Le recenti elezioni presidenziali hanno portato a un dibattito vivace su come la polarizzazione politica possa influenzare il mondo della tecnologia, in particolare nell’epicentro dell’innovazione: la Silicon Valley. Il settore tecnologico si ritrova diviso tra investitori di idee opposte, sollevando una domanda inquietante: potrebbe la Silicon Valley frantumarsi in fazioni di capitalisti di rischio che rifiutano di collaborare a causa delle loro convinzioni politiche? Eppure, osservando da vicino, è difficile credere che questo scenario estremo diventerà realtà.

Non c’è dubbio che le tensioni siano palpabili. Figure di spicco come Elon Musk, sostenitore di Donald Trump, e Vinod Khosla, appassionato supporter di Kamala Harris, hanno spesso fatto emergere dissapori durante le campagne elettorali.

E l’umore nella Silicon Valley post-elettorale non pare propenso alla riconciliazione. Un esempio significativo è quello della capitalista di rischio Nichole Wischoff che, con un post su X, ha attirato critiche da chi la riteneva eccessivamente schierata, generando reazioni immediate tra i fondatori di startup che minacciavano di boicottarla.

Eppure, è raro che queste “liste nere” politiche si concretizzino in un mondo in cui i rapporti d’affari si basano principalmente sulla fiducia personale e sulla qualità delle relazioni. Tradizionalmente, evitare qualcuno nel mondo del venture capital non è una questione politica, ma più spesso legata alla personalità o all’integrità percepita di quella persona. Questo atteggiamento pragmatico prevale, poiché una lista nera motivata politicamente si rivelerebbe inevitabilmente dannosa per gli affari, restringendo le opportunità e frammentando un mercato già competitivo.

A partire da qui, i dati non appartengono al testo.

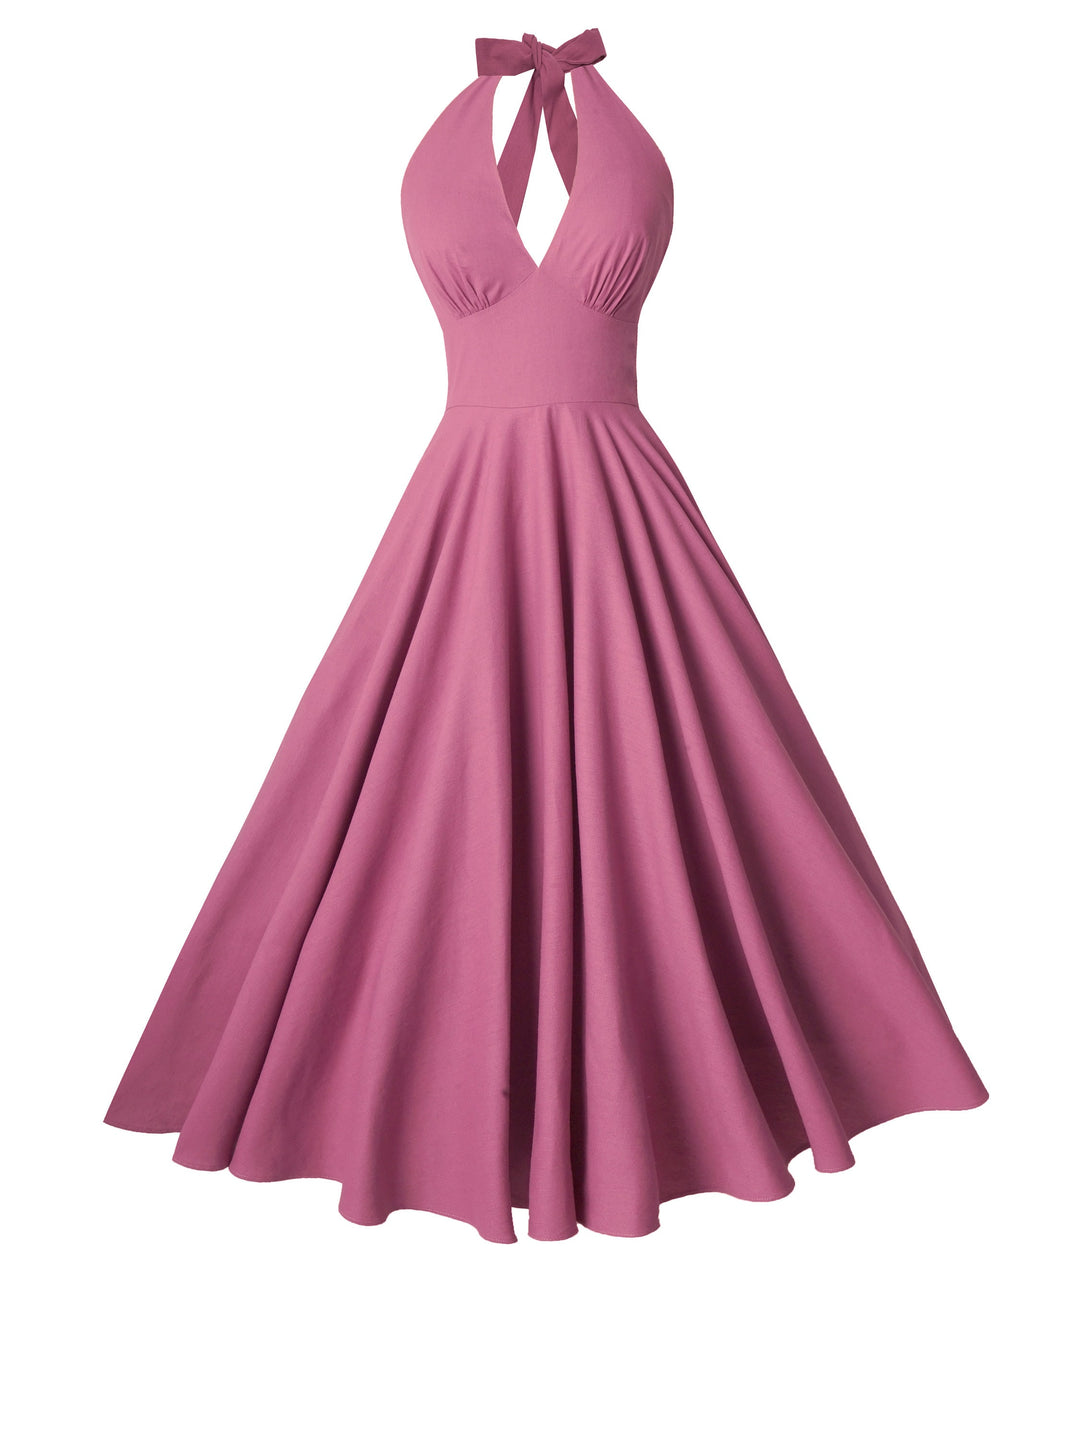 RTS - Size XS - Mansfield Dress in Mauve Rose Linen

Una dimostrazione di come il profitto possa avere la meglio sulle posizioni ideologiche è evidente se guardiamo indietro al caso del finanziamento saudita dopo l’assassinio del giornalista dissidente Jamal Khashoggi nel 2018. Dopo una breve fase di rifiuto etico, il capitale mediorientale è tornato a fluire nella Silicon Valley. Analogamente, in tempi difficili, come l’attuale rallentamento degli investimenti, è improbabile che le risorse finanziarie vengano respinte a causa di visioni politiche contrastanti.

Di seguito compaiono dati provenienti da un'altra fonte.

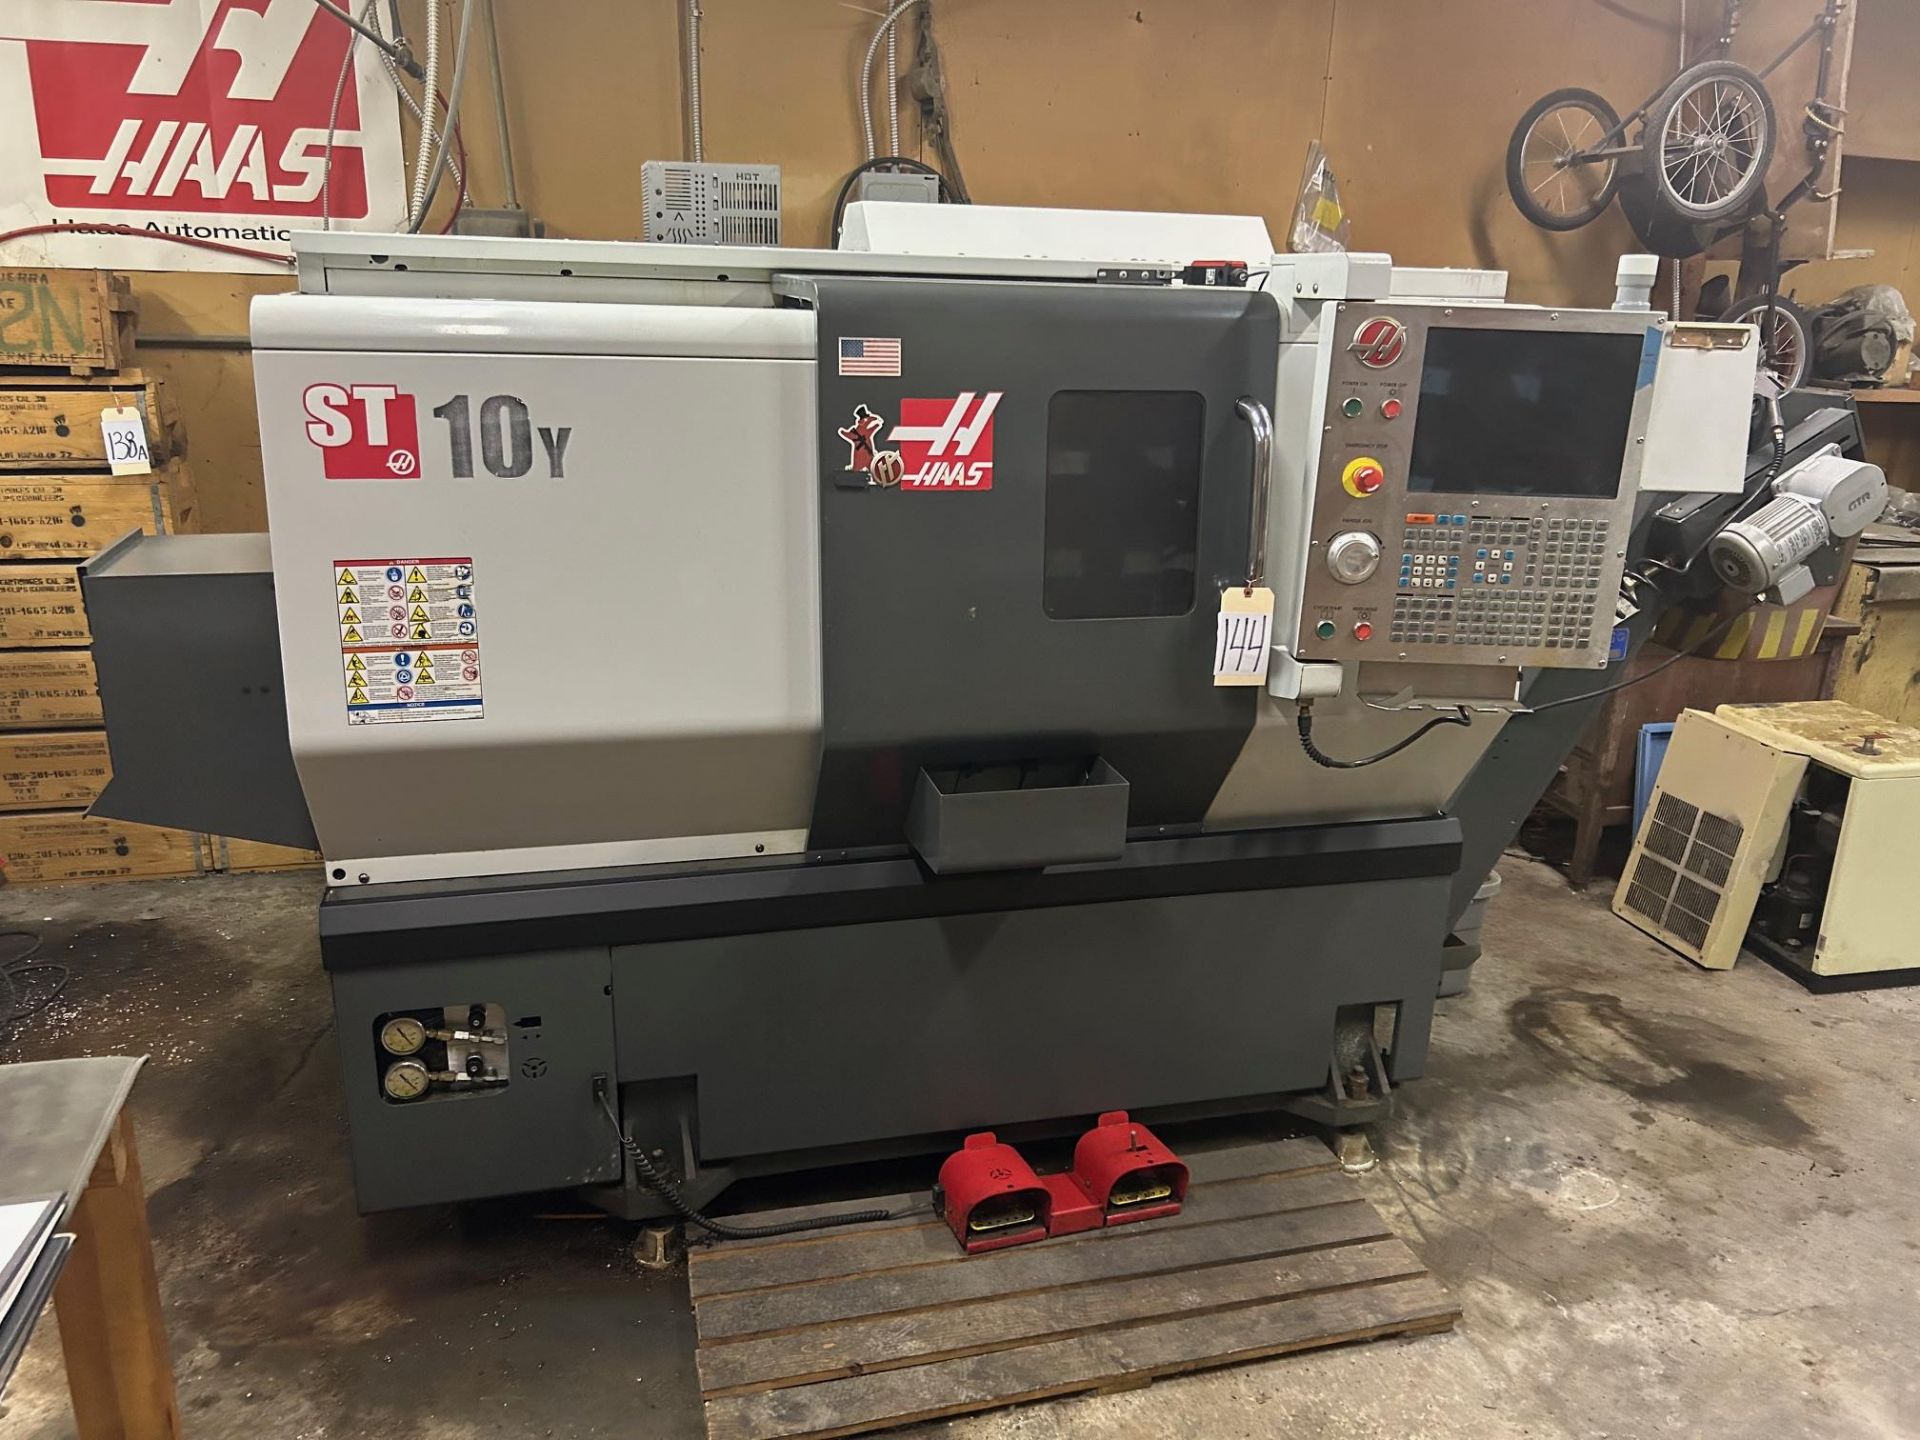 Haas ST-10Y CNC Lathe, (2013) SN: 3095763, Live Tooling, Hennig Chip Conveyor, Model: 30-5494B, incl - Image 15 of 32

Hunter Walk, partner di Homebrew e sostenitore di Harris, ha sottolineato che il suo fondo continuerà a collaborare con chiunque, indipendentemente dalle differenze politiche. Walk rappresenta l’orientamento realistico di una fetta di investitori per cui il successo delle operazioni supera le divergenze ideologiche. “Non mi interessa passare il test di purezza imposto da chi è così radicalmente schierato,” ha dichiarato, riaffermando l’impegno a mantenere aperte le porte della collaborazione.

In parallelo, il settore televisivo statunitense sta vivendo una fase di fermento che potrebbe vedere importanti fusioni, spinte dall’auspicio di una nuova politica più favorevole alle acquisizioni e alle collaborazioni strategiche. Il CEO di Warner Bros. Discovery, David Zaslav, ha pubblicamente espresso la necessità di consolidamento per semplificare l’esperienza dell’utente, stanco di cercare contenuti su innumerevoli piattaforme. Anche il CEO di Comcast, Michael Cavanagh, ha lasciato intendere che la società potrebbe separare alcuni asset per agevolare le opportunità di fusione. E Christopher Ripley di Sinclair ha parlato di una “nuvola normativa” che sembra sollevarsi, aprendo la strada a possibili acquisizioni.

Eppure, ricordiamo che anche l’amministrazione Trump non è stata sempre accomodante con le fusioni: l’esempio della lunga battaglia legale per bloccare l’acquisizione di Time Warner da parte di AT&T, conclusasi senza successo, rimane fresco nella memoria. Nonostante queste complessità, le speranze di consolidamento dell’industria televisiva riflettono la necessità di competere in un panorama mediatico sempre più frammentato e costoso da gestire in modo indipendente.

In definitiva, tanto nella Silicon Valley quanto nel settore dei media, il capitale e l’efficienza sembrano destinati a prevalere sulle divergenze politiche. La politica può infiammare gli animi, ma è improbabile che arrivi a compromettere i meccanismi essenziali di settori che, per prosperare, devono rimanere uniti e pronti a cogliere ogni opportunità di crescita.